This happens when you have either (a) a large number of read-pairs that are extremely long distances apart, or (b) EXTREMELY high read density. Basically, as it parses the BAM file it keeps a running buffer of the read pairs that have not yet been matched. This works fine up until you have a huge number of reads in between any one read and its mate.

It looks like it does Ok right up to the very end where it suddenly can't find any matches and just keeps loading more reads. What does the end of your BAM file look like? Do you have unmapped reads there or a huge number of reads that map to loose contigs or something? Do you have enormous numbers of reads on the MT chromosome? Are you studying a tissue with a ton of mitochondrial expression maybe?

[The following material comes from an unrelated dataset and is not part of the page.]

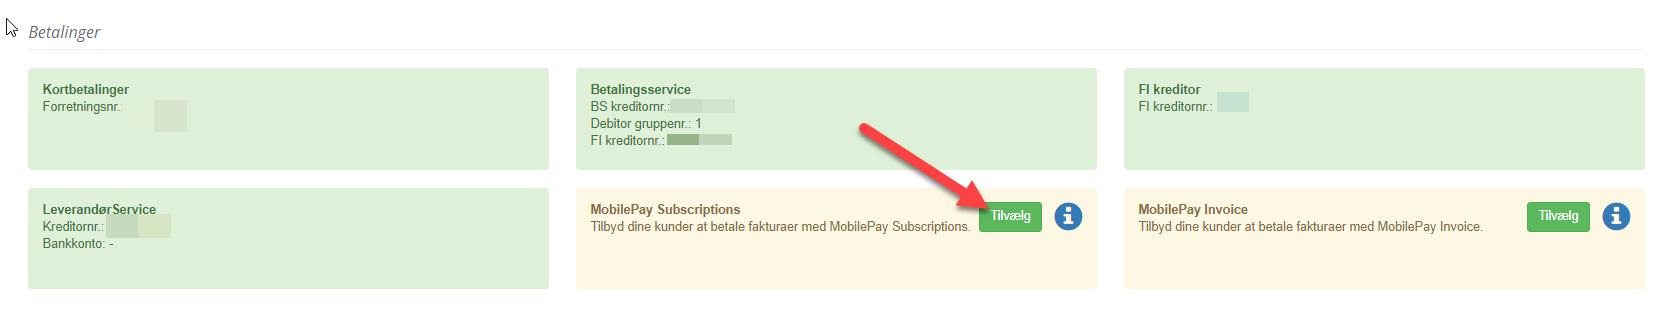 Tilvælg MobilePay Subscriptions
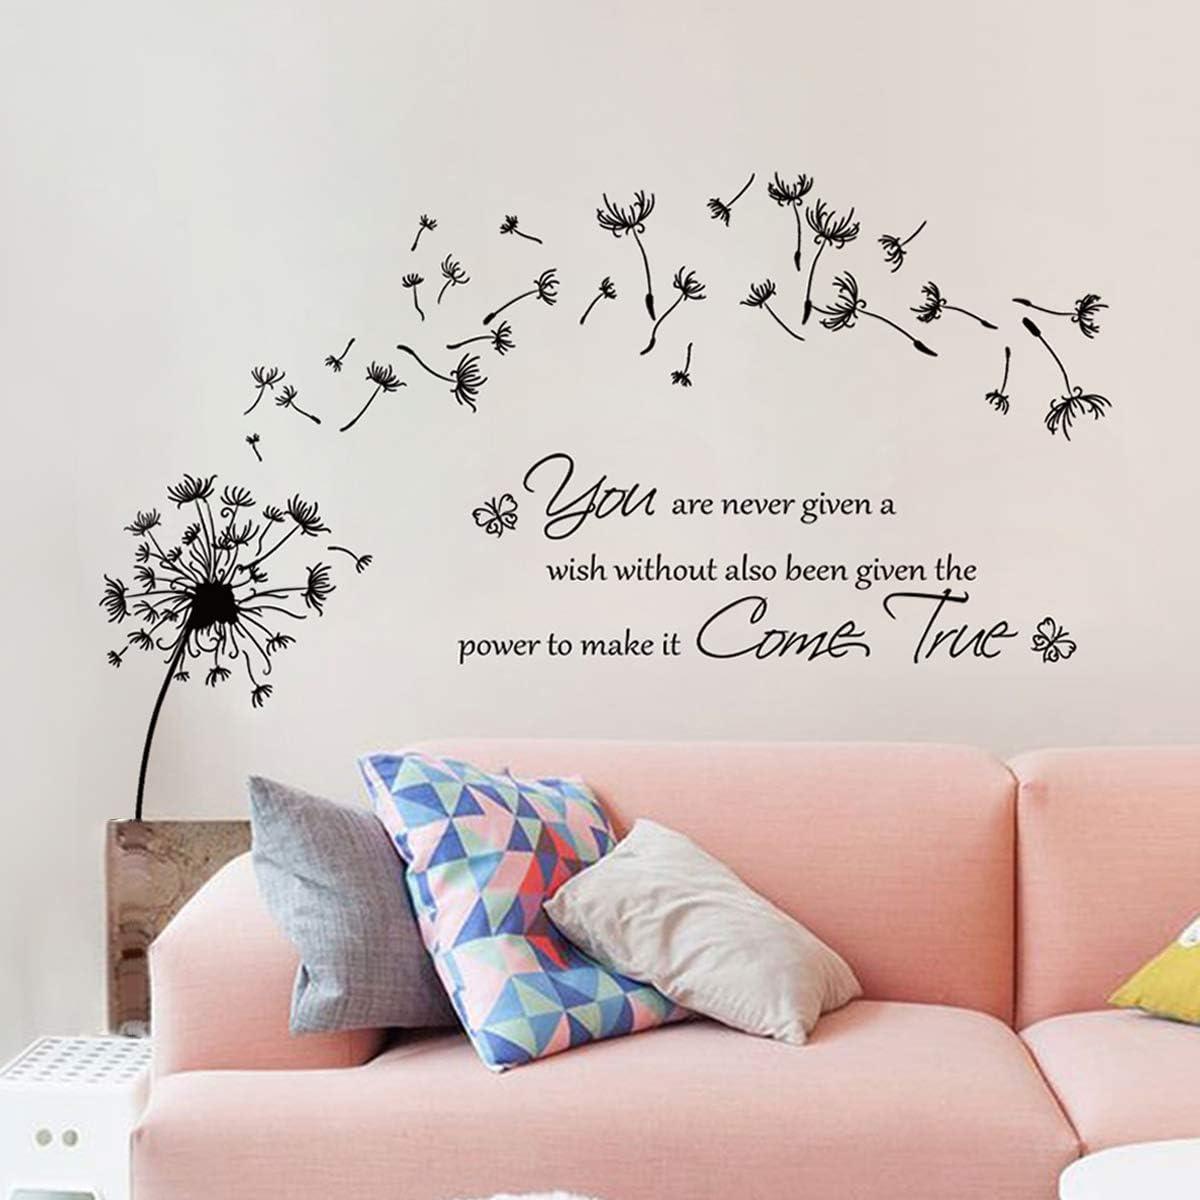 Decalmile Dandelion Wall Sticker Sayings And Quotes Dandelion Wall Sticker Bedroom Office Living Room Wall Decoration Amazon De Kuche Haushalt

I'm not terribly surprised that downsampling causes the same issue. If you randomly downsample without making sure to keep paired reads matched up, then basically all your reads become pairless and QoRTs will try to read the entire uncompressed file into memory trying to find the missing reads.

What happens if you feed it one complete chromosome? So like:

samtools view -h sample.bam 1 > sample.chr1.bam

Or maybe even handing it everything except MT?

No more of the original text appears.